The problem is that HIV testing is not routinely available where most people go for health care. And even though Grady is the only emergency department in Atlanta to offer the program, there are 50 other places people can go to get tested.

“Despite that, there are patients who aren’t going to get those tests. And they aren’t going for a decade,” said Dr. Abigail Hankin-Wei to WABE.

These patients who go undiagnosed can and often will develop AIDS, despite the fact that it takes 8 to 10 years for HIV to develop into AIDS when it is untreated. By the time patients in Atlanta are diagnosed, one third will have advanced to clinical AIDS.

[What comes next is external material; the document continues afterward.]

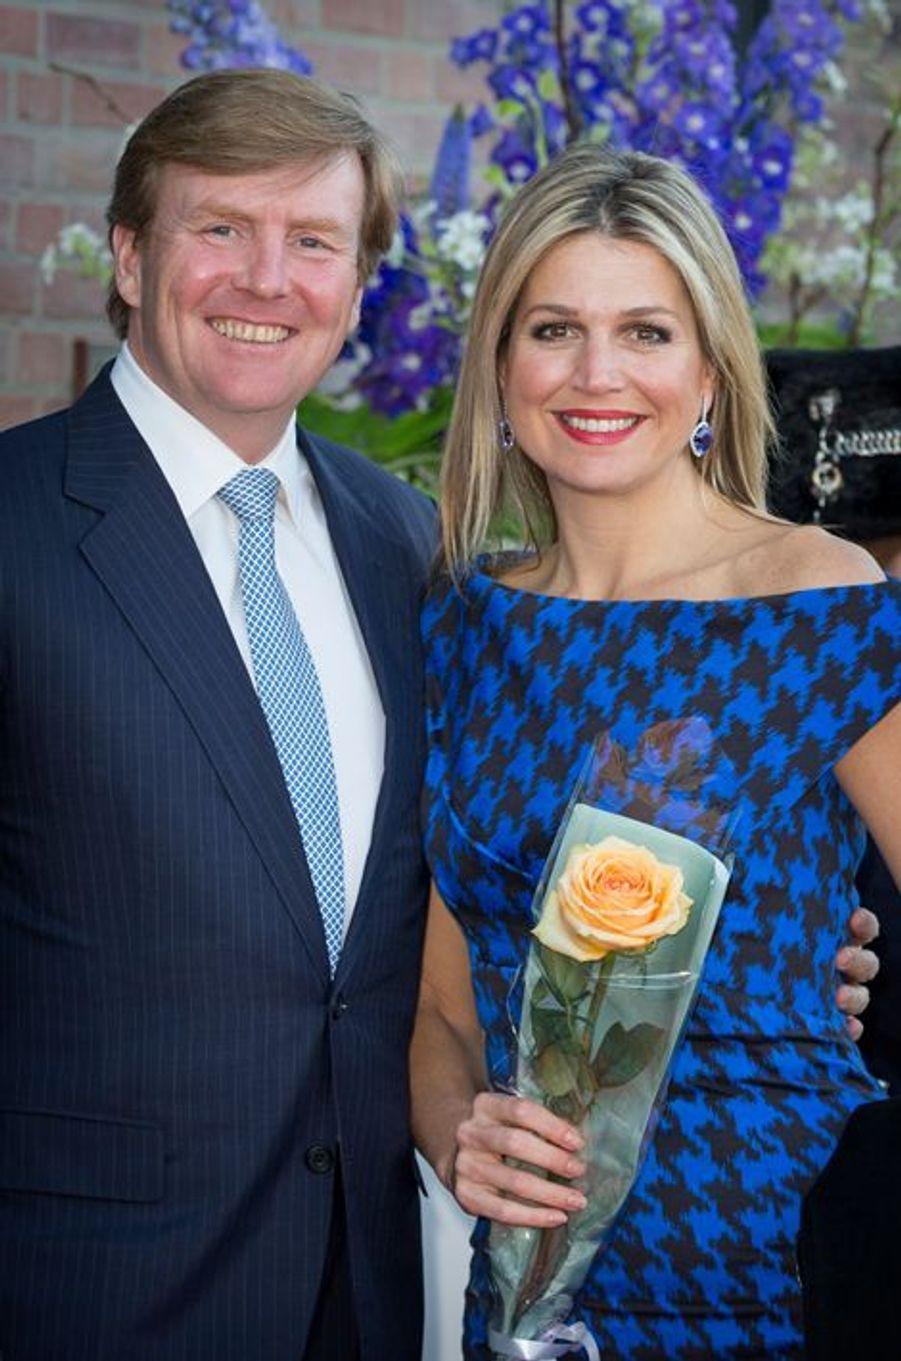 Le roi Willem-Alexander et la reine Maxima des Pays-Bas à Dordrecht, le 14 avril 2015

“When we diagnose patients with HIV, the first time we are telling them they’ve been infected with HIV, we know that among our patients at Grady, nearly half of them have AIDS the day we diagnose them,” said Hankin-Wei.

There are many reasons people may not get tested, ranging anywhere from poverty, fear, the stigma of the disease, or even the fact that those in a monogamous relationship feel safe. But testing and treatment can significantly decrease the risk of transmission … to almost nothing.

“Diagnosing people to get people on treatment is our best method to prevent further transmission,” said Wendy Armstrong, the director of the Ponce de Leon Center, an AIDS care facility in Atlanta.

Catherine Hanssens with the Center for HIV Law and Policy in New York noted that testing should ideally take place long before an emergency room visit: “Frankly if someone is in a medical emergency or they present with a gunshot wound or a knife wound that is probably the very worst and last time that you would ever offer an HIV test.”

But in the meantime, Grady will continue to offer the testing and push for Georgia to do better.